Being an Asian nation, class can be somewhat of a factor here as well. If some
employees are from a higher class than the others, then communication can be a
problem.

The education here isn't great and the tech students generally aren't up to
par in the technical fields. There are probably a handful of students in each
of the top schools in the country which are decent. I imagine that school
probably isn't a good indicator of skills. You would probably need to find
employees who have developed their tech skills through their own passion.

The same reason why mobile is hot here is probably the same reason why there
aren't a lot of early adopters and computer tech savvy students. In some cases
students might have been lucky to grow up with electricity, let alone a
computer and internet connection. For a lot of people here, their phones are
their computers. There are internet cafes everywhere, but that's not like
having your own system to hack away on.

Though mobile is huge, the Philippines is very poor, so few people are
carrying around smart phones. Most people don't even do a lot of calling
because it's more expensive. So pretty much all the phones are used for is
texting. The cell providers here have some great offerings for mobile micro
payments, but I never see people using those services.

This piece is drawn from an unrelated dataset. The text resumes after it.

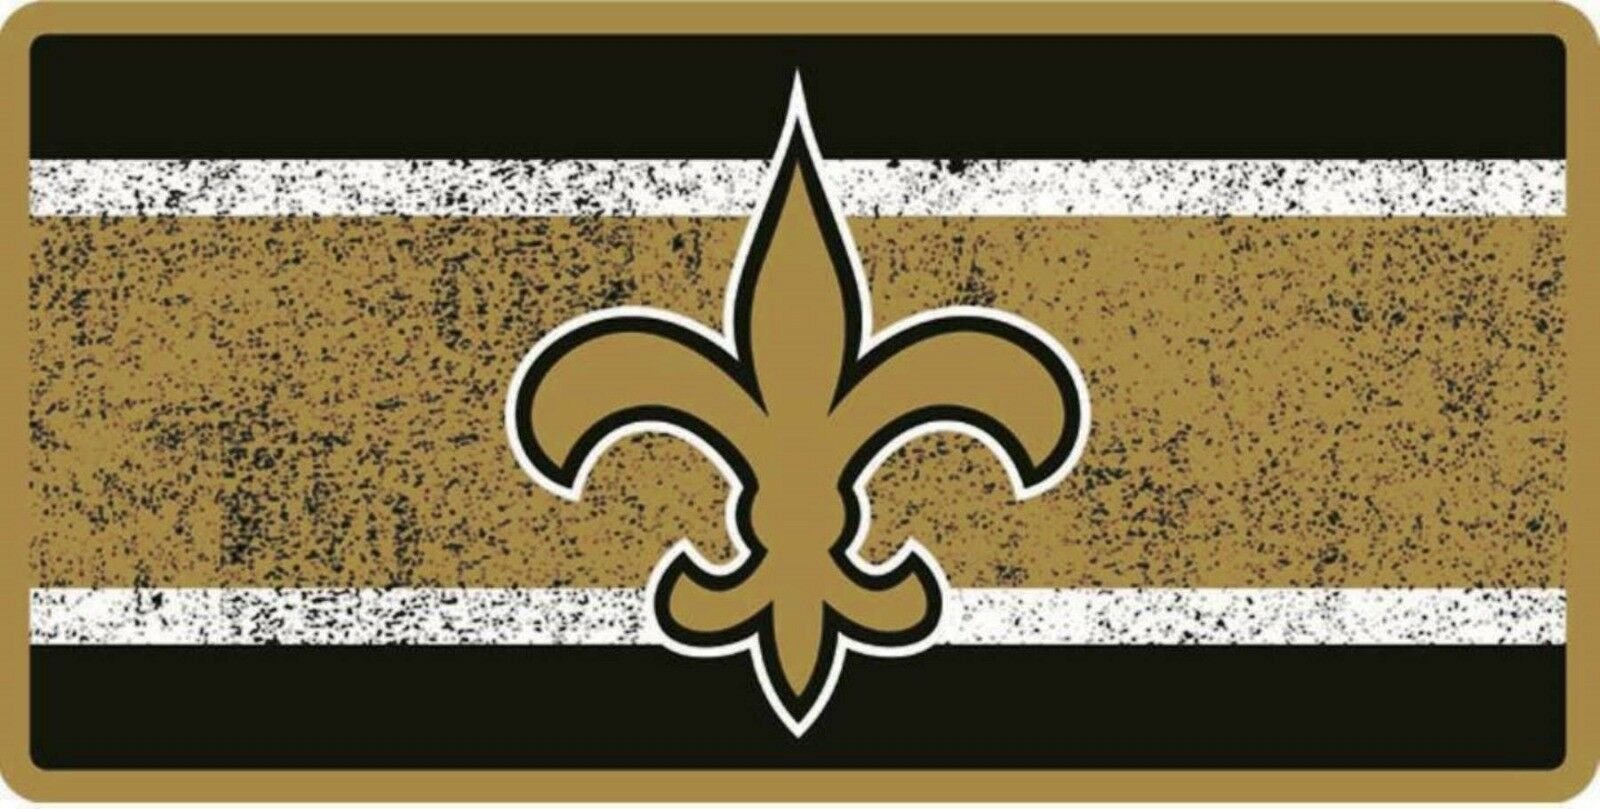 New Orleans Saints Premium Laser Cut Tag License Plate, Vintage Style, Mirrored Inlaid Acrylic, 12x6 Inch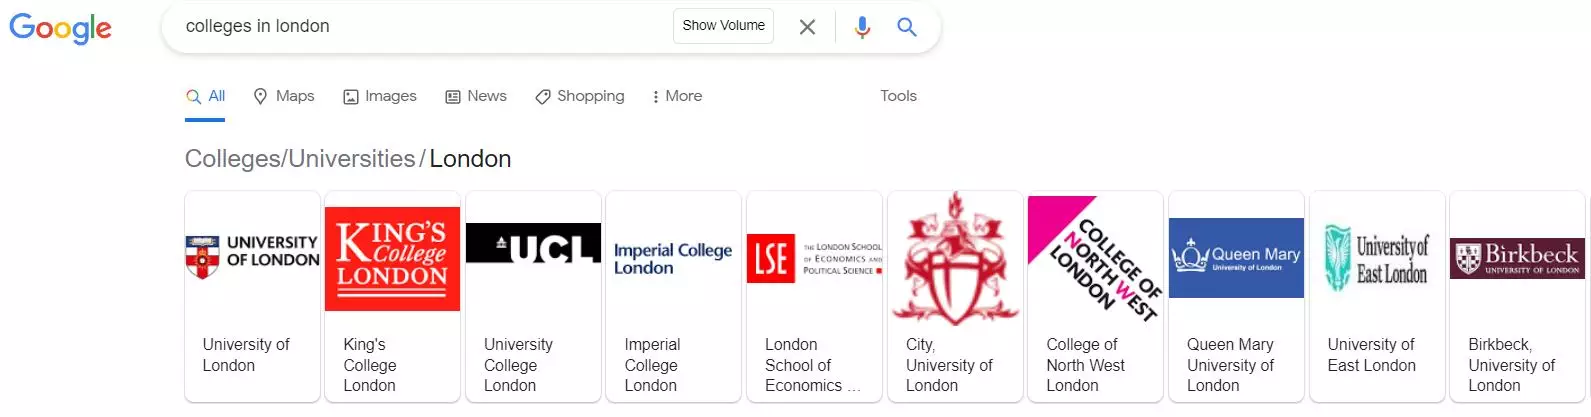 Example of Google search to show local service ads for colleges in london

The economy is generally horrible, so it's hard to see what you might do to
make much money here other than exploiting cheap labor to serve Western
markets.

Overall, they have a long ways to go. But the people generally seem content
here with what they have. This is no race, they will get where they want to go
at their own pace. And there's nothing wrong with that. Maybe the U.S. could
learn something from the Philippines, and that's probably why I'm living here.
;)

------
sekou
It might be pertinent to point out that the Philippines is one of the Goldman
Sachs deemed "Next 11" countries. (<http://en.wikipedia.org/wiki/Next_Eleven>)
I hope to see amazing changes in these countries in the next few decades.
While being a pioneer might be difficult now, it may be very beneficial in the
long term.